Job 23:8-10, ‘Behold, I go forward, but He is not there, and backward, but I do not perceive Him; on the left hand when He is working, I do not behold Him; He turns to the right hand, but I do not see Him. But He knows the way that I take…’
In verses 8-9, Job metaphorically turns in every direction looking for the presence of the Lord in the midst of his suffering. At every turn, Job’s desire to behold the Lord, to see the Lord with the clear eyes of faith, to be experientially assured of His presence—is thwarted…so far as Job’s ability to recognize YHWH goes, He is not there.

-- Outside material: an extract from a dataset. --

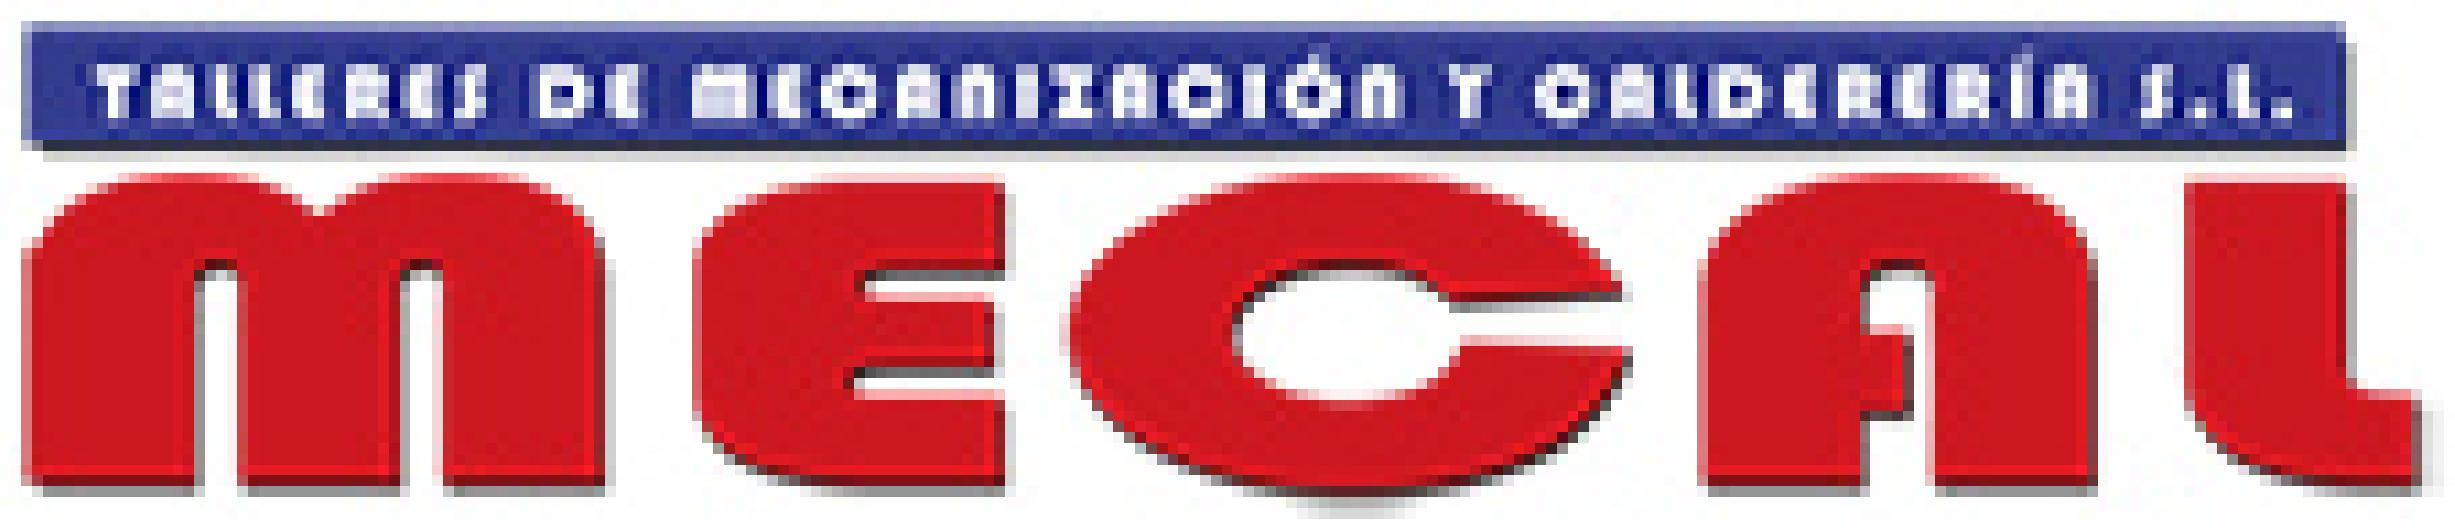 Logo MECAL Talleres de Mecanización y Calderería, S.L.
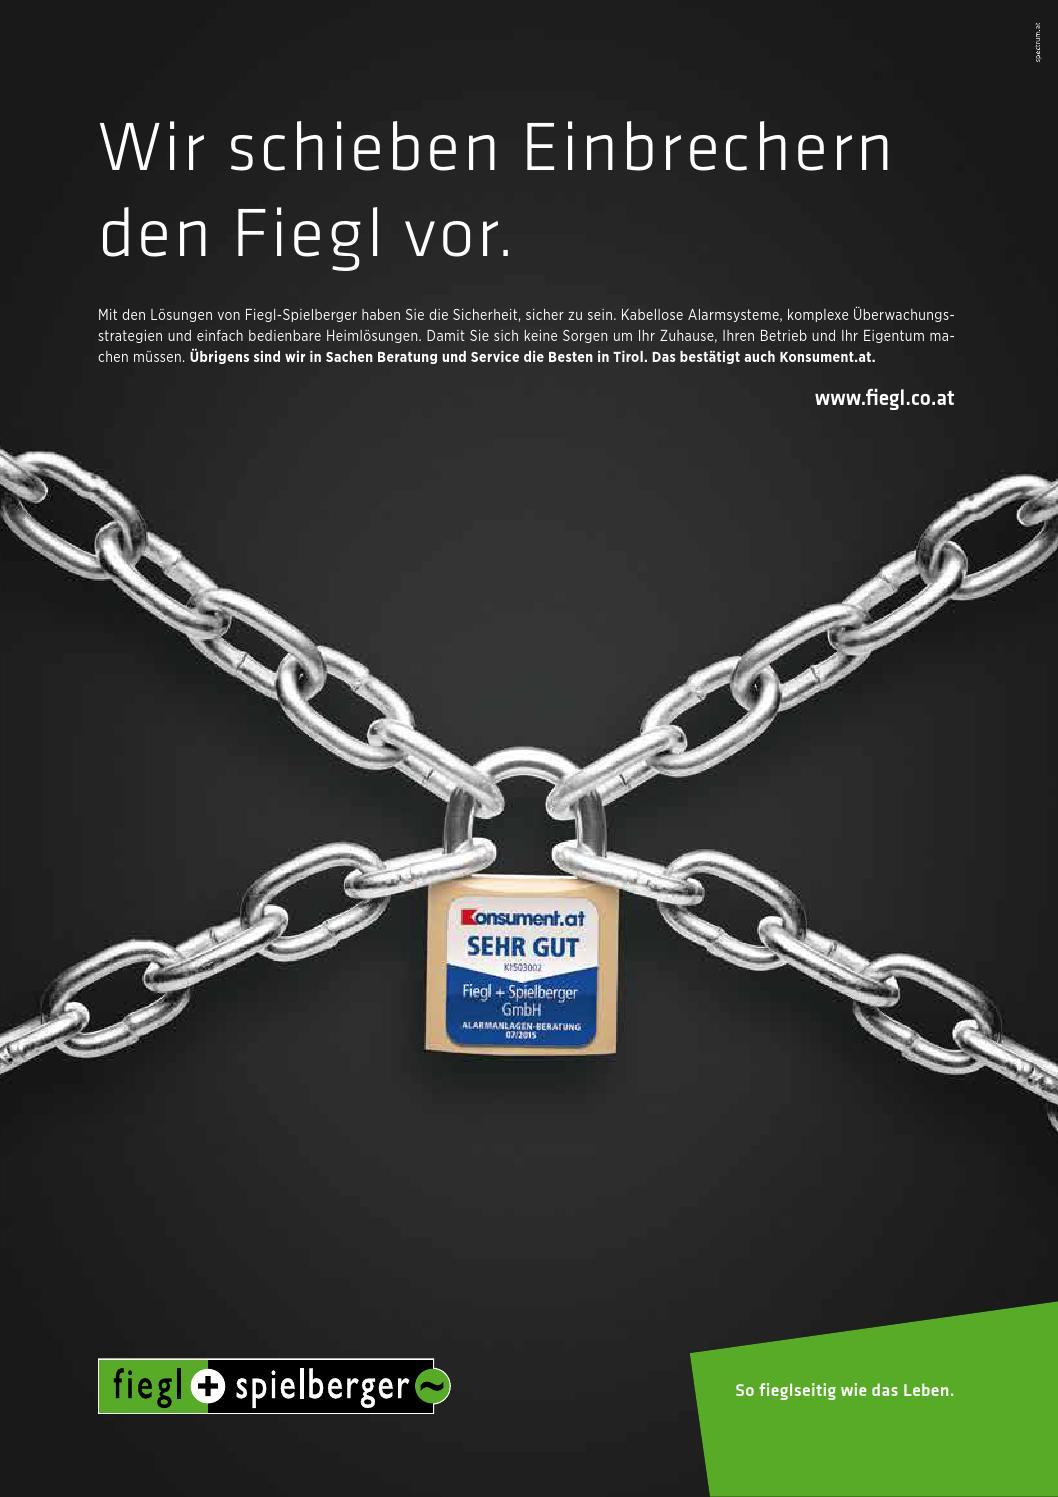 Fiegl spiegel 10/2015 by eco.nova verlags gmbh - issuu

And yet, in this darkness, in this blindness, in this numbness, faith stands and declares: ‘But *He knows* the way that I take…’ In this way, Job transfers the decisive center of knowledge from the self to the Lord. I do not know, I do not see, I am not aware of His presence…but *He knows*…He knows the way that I take, He knows the anguish that I am in, He knows the pain of my flesh and soul, He knows—He knows….Job relinquishes the burden of determinative knowledge from his own hands and acknowledged YHWH’s knowledge of himself as the deepest, hope-sustaining truth.
It is not finally that I know Him, but that He knows me….not finally that I can perceive and lay hold of a sure sense of His presence, but that He has lain hold of me, that He is aware of me, and that He is present and at work even—and especially—in the darkness of my ‘unknowing.’
Is this not the epitome of faith as we see it modeled in our Lord on the cross? Does He not, in the mystery of the Passion, enter into our own Godforsakenness, such that His cry ‘why have you forsaken me’ (regardless of broader contextual notes of hope to which it may allude) is truly an experience of precisely the inability to perceive the divine presence as Job expresses it here? And yet, it is to ‘my God’ that our Lord makes this agonized cry—simultaneously declaring the (perceived) absence and (believed) presence of the one true God…
And because our Lord and God has entered even into this place of Godforsakenness, He is—we can be sure—present with as the One who knows us even when we are unable to perceive Him.